The approach is not new. When the serpent tempted Eve with the forbidden fruit, he knew that as soon as she and Adam ate it, they would be fatally walloped by the law. This was his premeditated purpose. In the last few years, federal, state, and local government in the United States has taken a similar approach to gaining control in areas where it previously had little or none. Let parents take warning. Charter schools, by whatever name they may go under, have been instituted for one purpose. That purpose is to hijack homeschooling. To put it more mildly, they want to gain the ascendancy in the homeschool movement and turn it into carefully supervised and regulated public education at home. This could very well turn out in many ways to be worse than public school itself. Charter school families are, in essence, asking school authorities to extend their jurisdiction of regulation into the privacy of the home. As officials begin to regulate textbooks from Christian publishers out of their programs, we must wonder where the line will be drawn, if anywhere. If Christian textbooks are forbidden, what about the Bible? What about prayer? Will school authorities expect charter school families to become secular from 8 a.m. to 3 p.m., or will they expect it 24 hours a day?

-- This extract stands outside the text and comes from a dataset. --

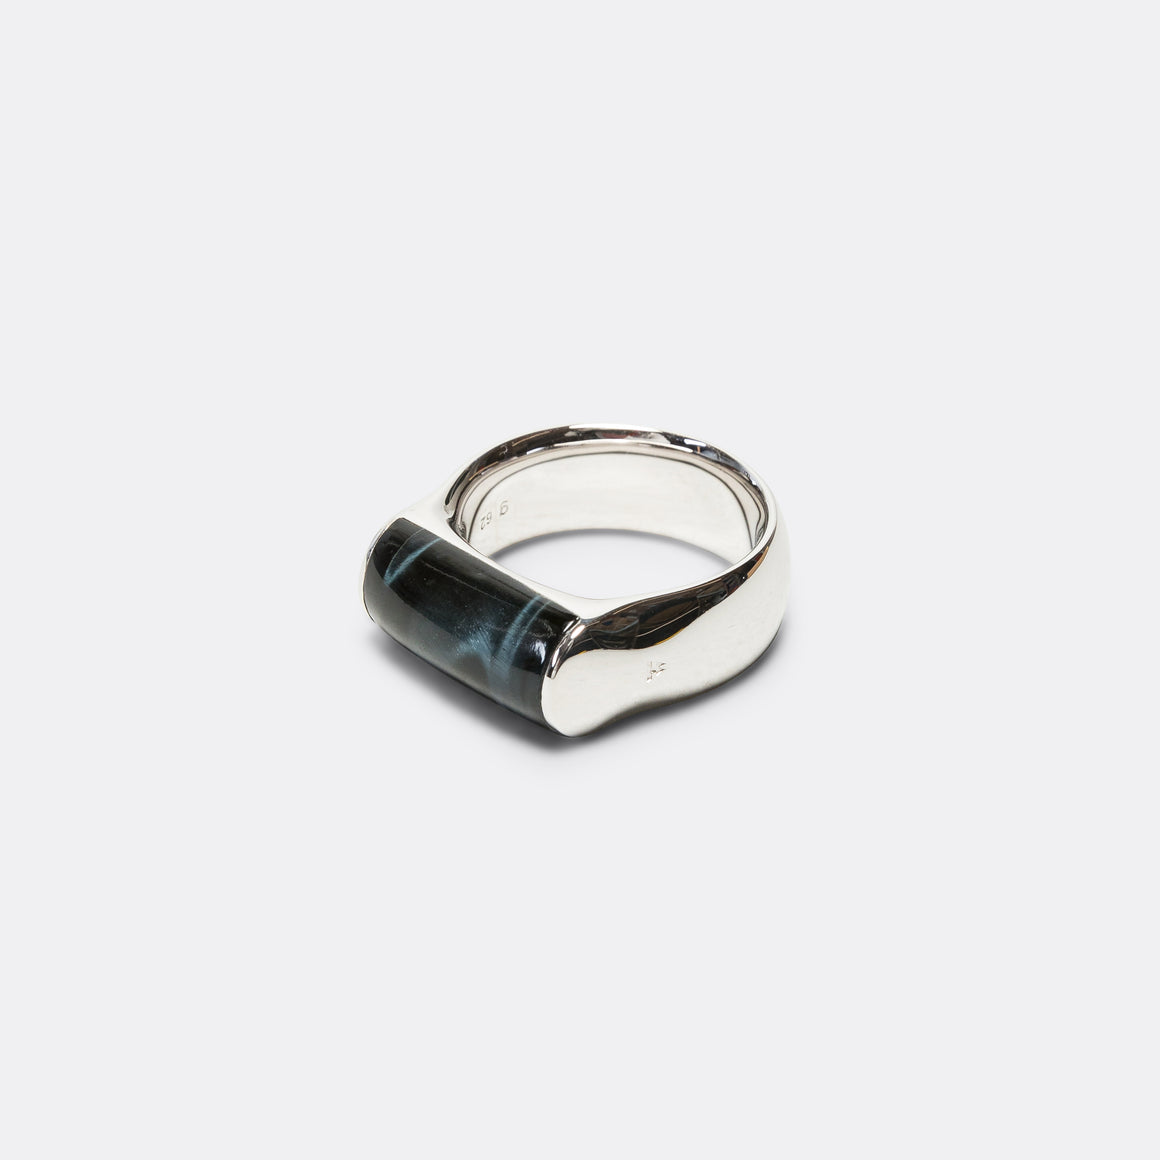 Crest Ring Blue Hawk Eye - 925 Silver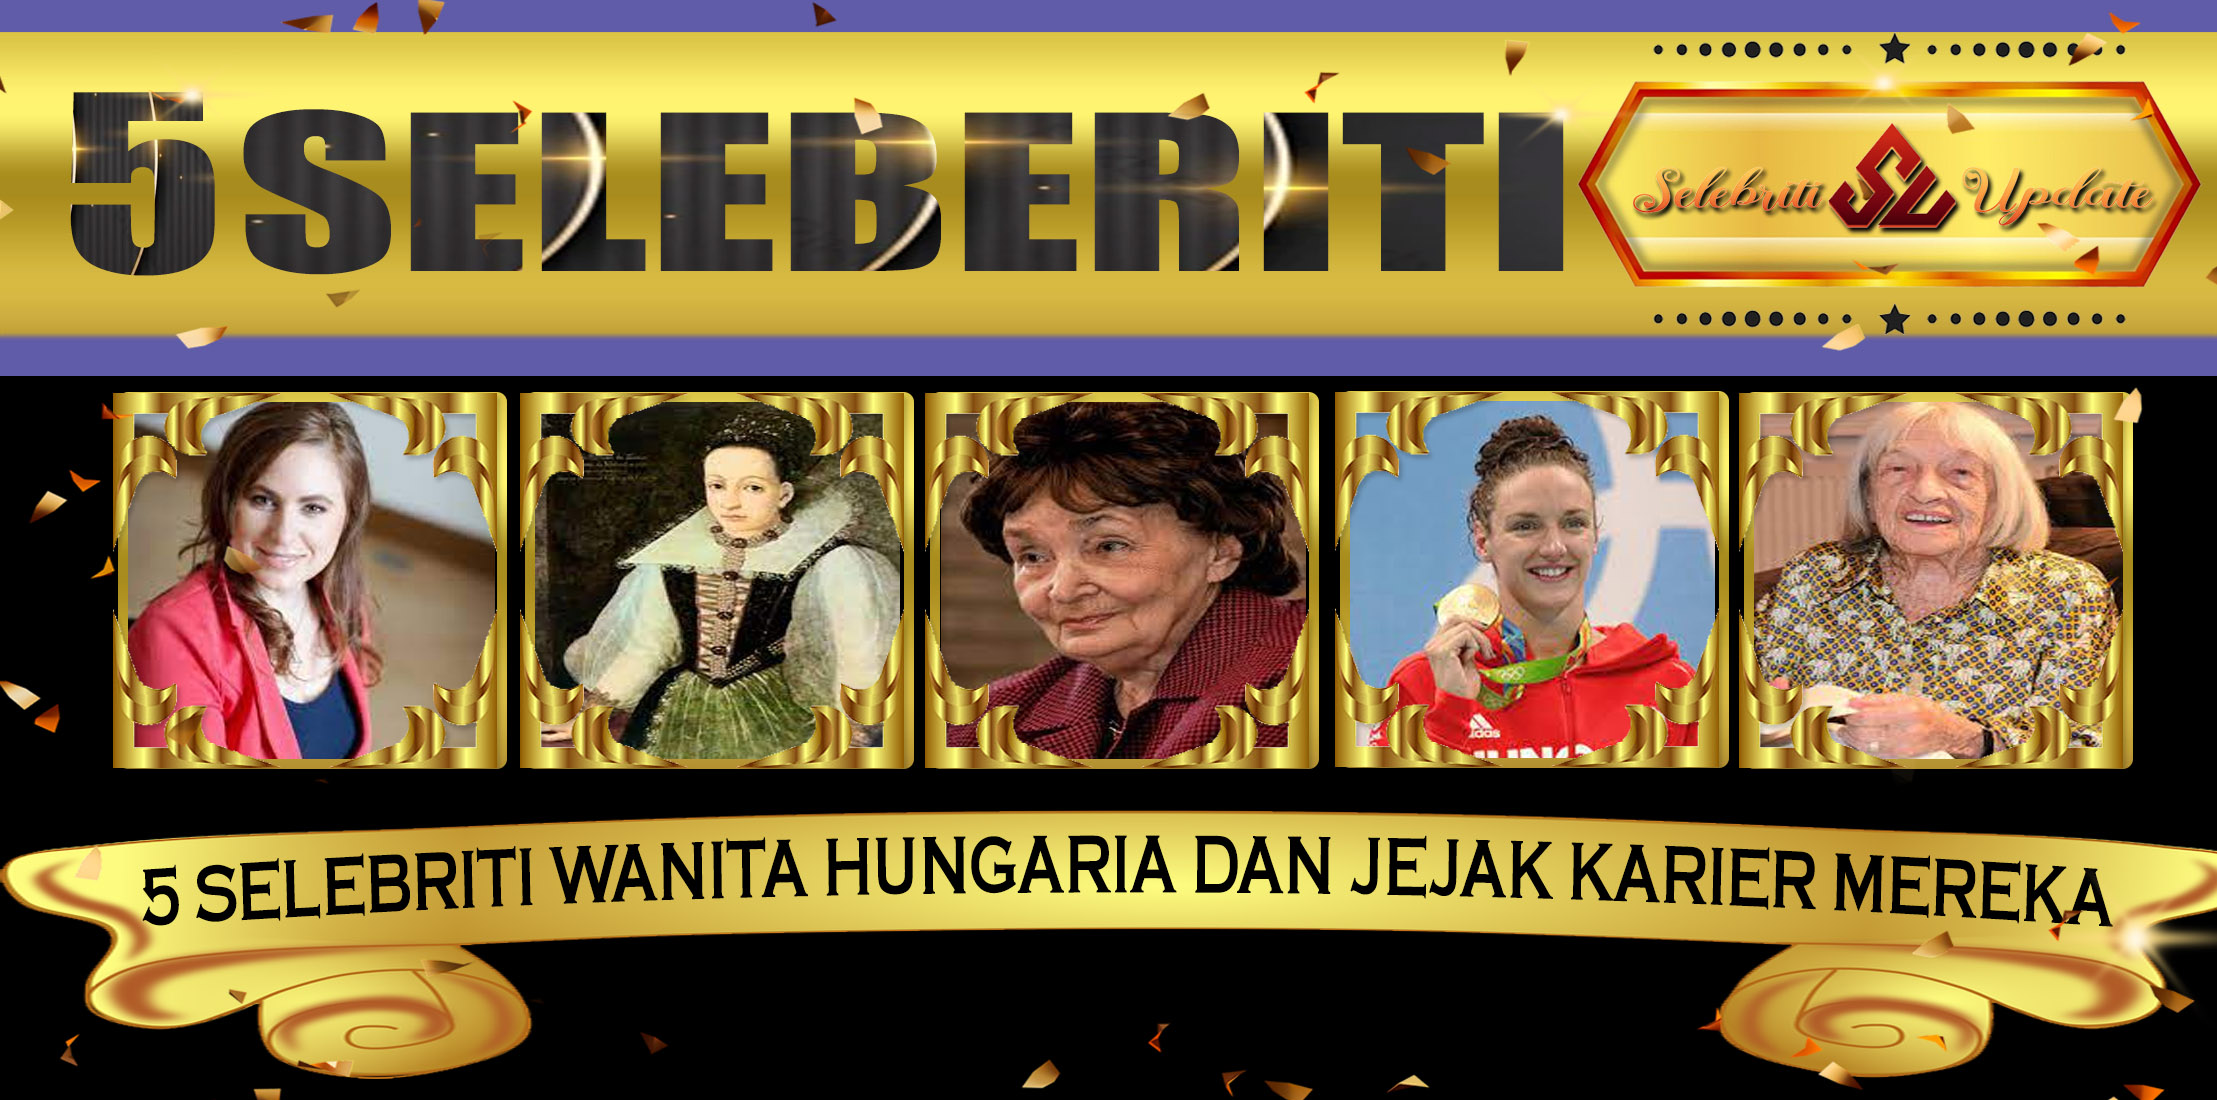 5 Selebriti Wanita Hungaria

Charter schools threaten not only the homeschool movement, they threaten the sanctity and privacy of the home. Even more fundamental is the fact that the charter school movement, as well as other trends, threatens freedom of religion and our obligation to worship God as our consciences dictate. Let us not be as Esau, but instead, despite financial hardship and persecution, “let us run with patience the race that is set before us, looking unto Jesus the author and finisher of our faith; who for the joy that was set before him endured the cross, despising the shame, and is set down at the right hand of the throne of God” (Hebrews 12:1-2).